TASK ITEM:
Take the line with "Adjustable Large Dish" as the first and the last line of the data as the end. Write out both and every line between exactly, except pictures.

*** DATA EXTRACT Section Begins ***

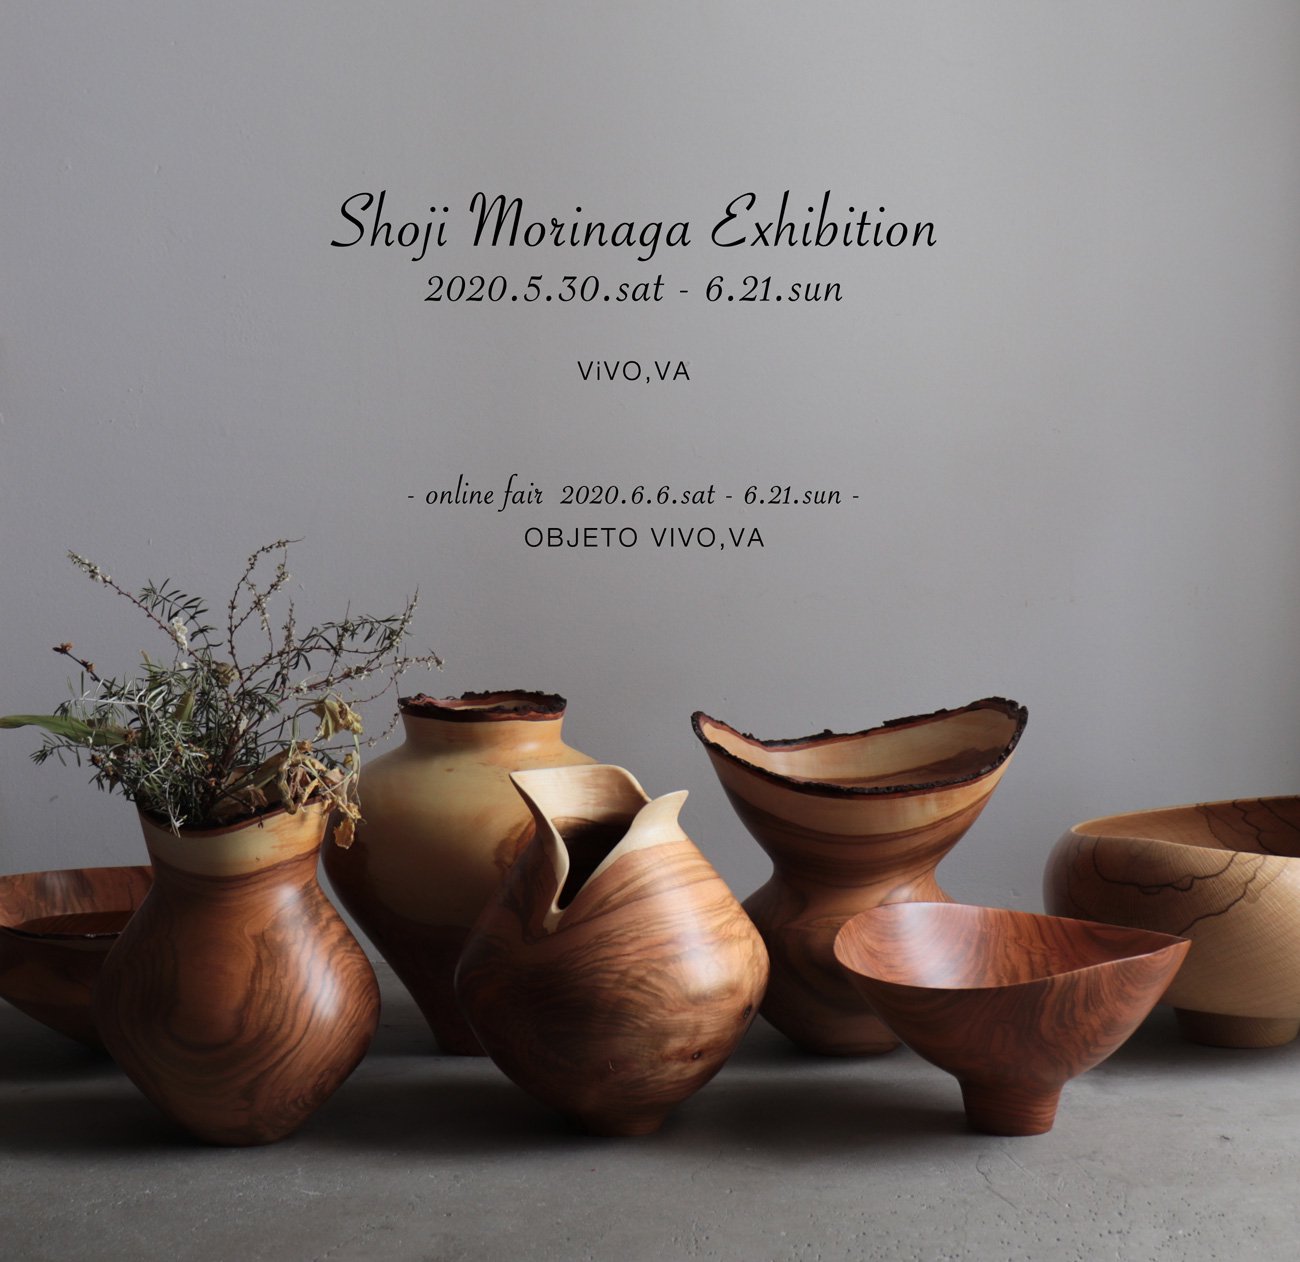 Shoji Morinaga Exhibition 2020.5.30 - 6.14 - ViVO,VA online market
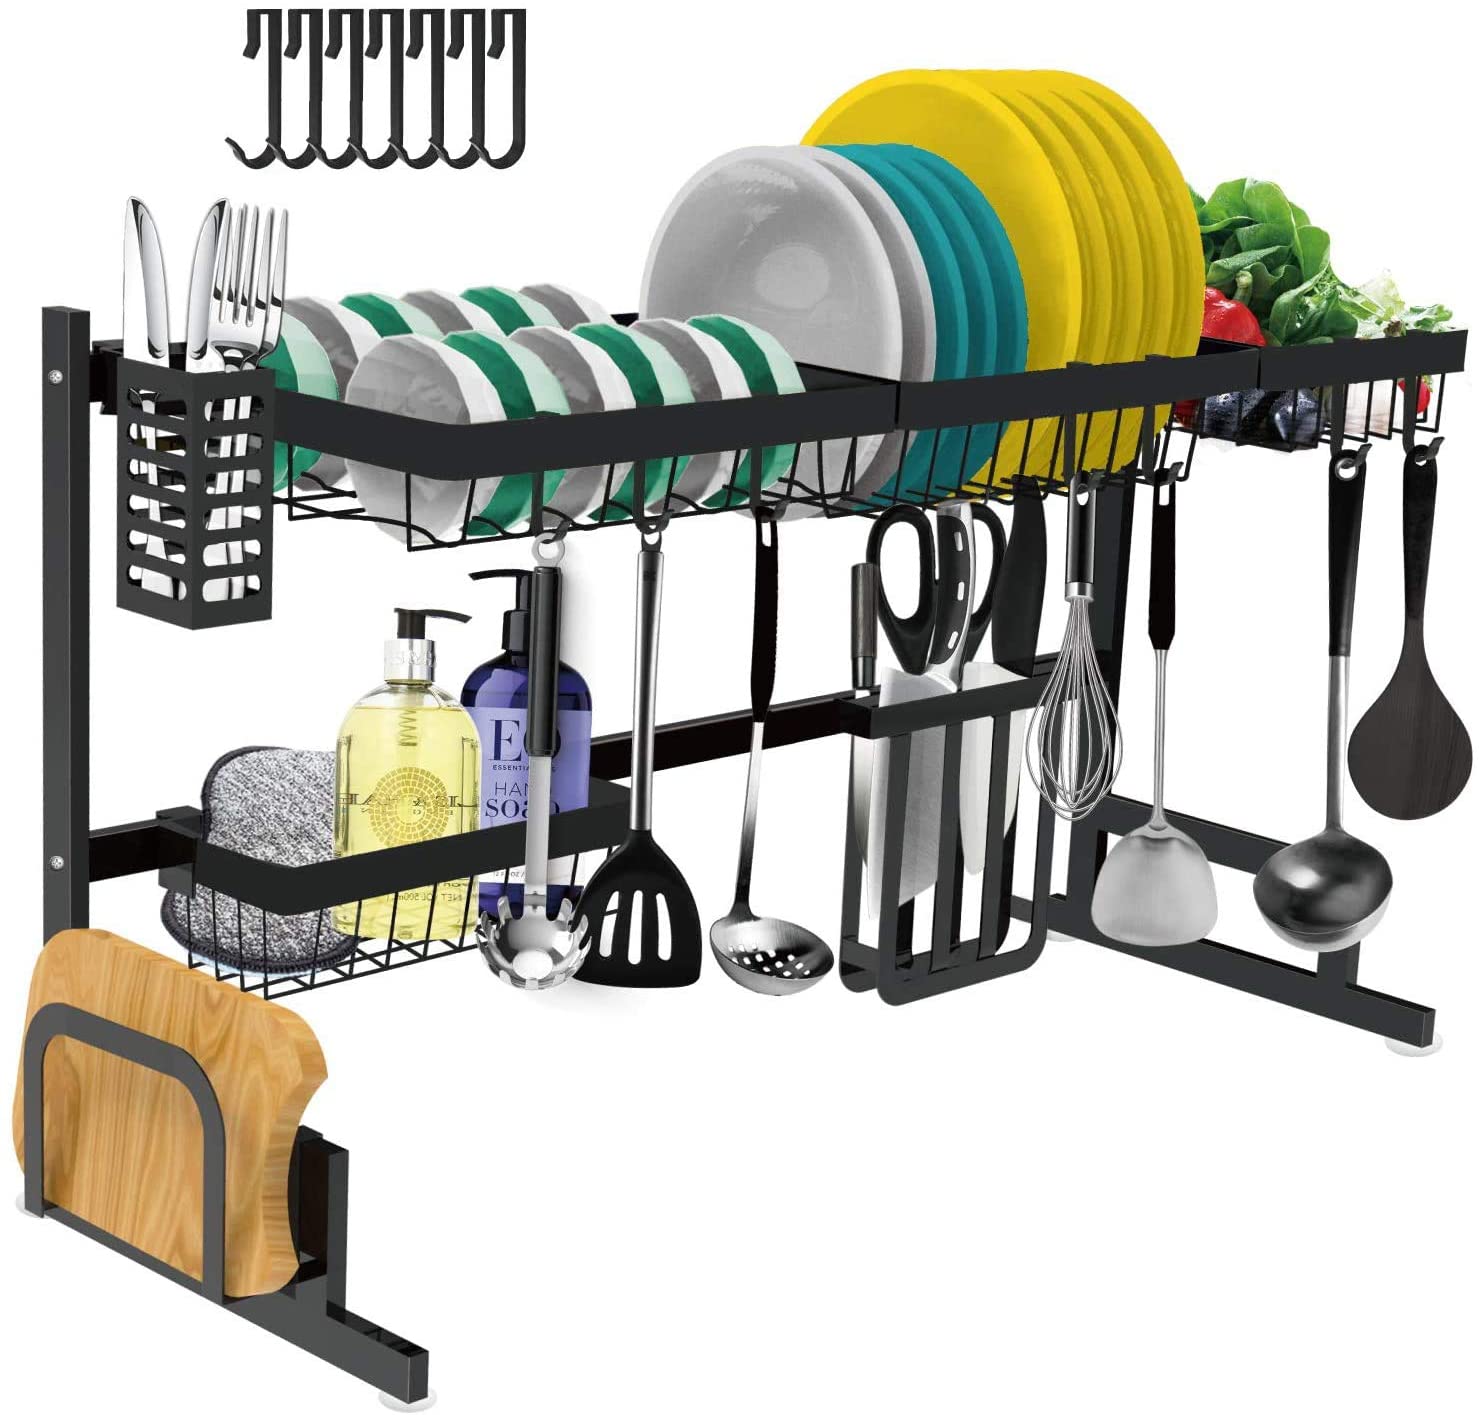 Adjustable Large Dish Rack Drainer for Kitchen Organization Storage Space Apartment Furniture
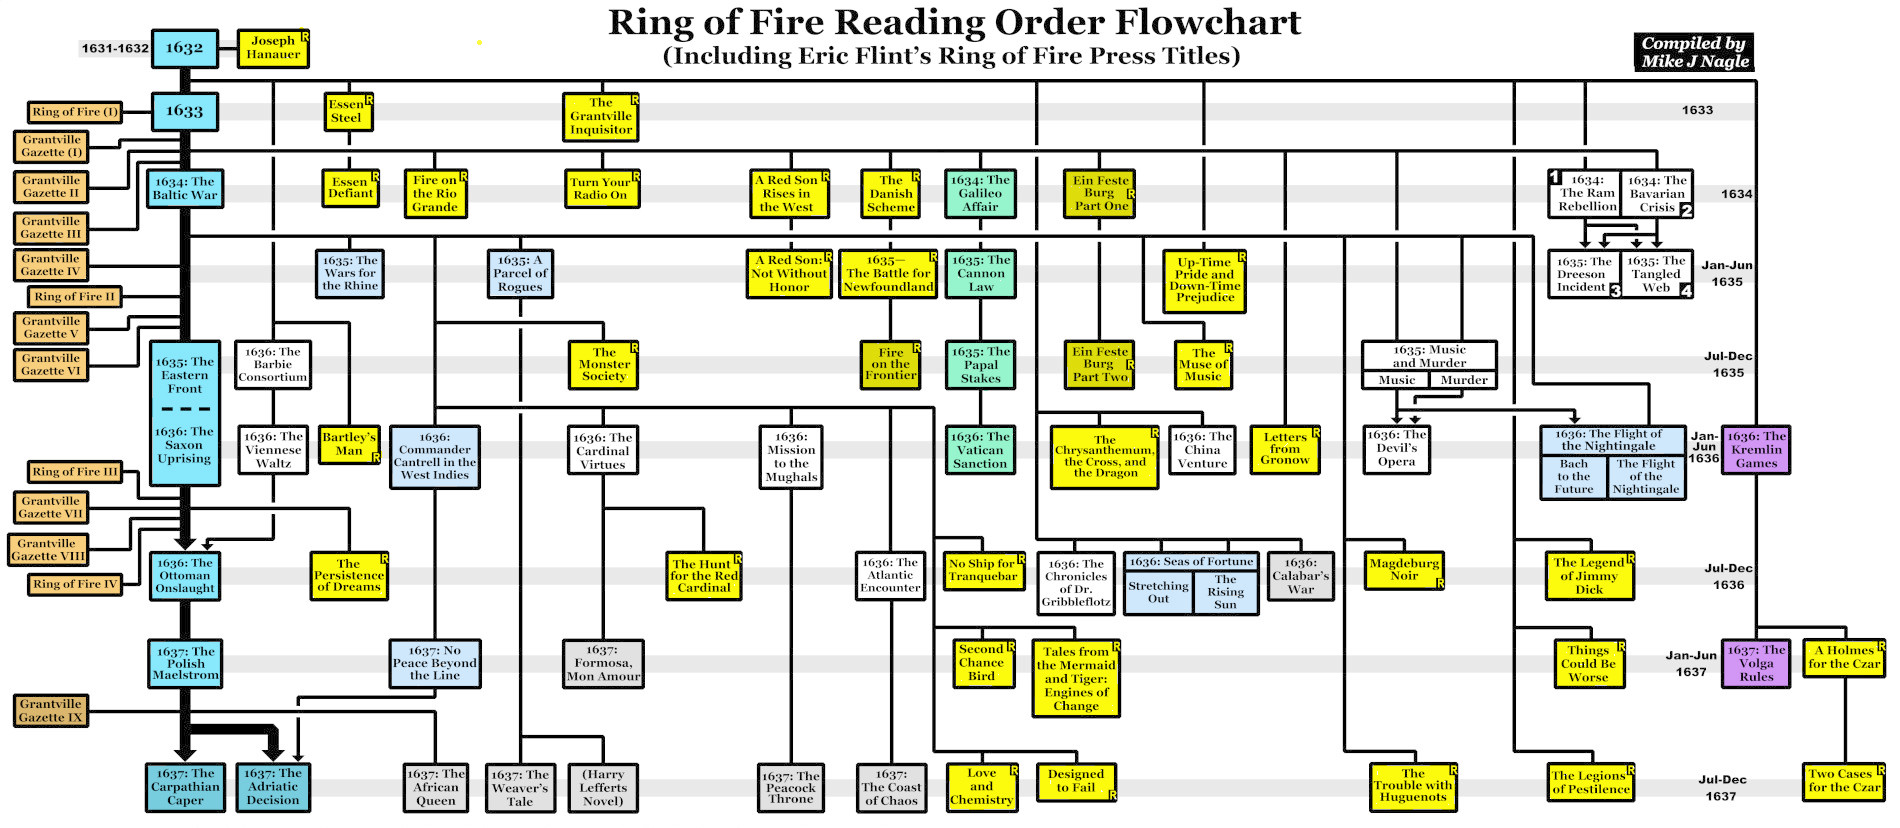 1632 series reading order - Eric Flint

*** DATA EXTRACT Section Ends ***

ANSWER TO THIS TASK:
 Adjustable Large Dish Rack Drainer for Kitchen Organization Storage Space Apartment Furniture
 1632 series reading order - Eric Flint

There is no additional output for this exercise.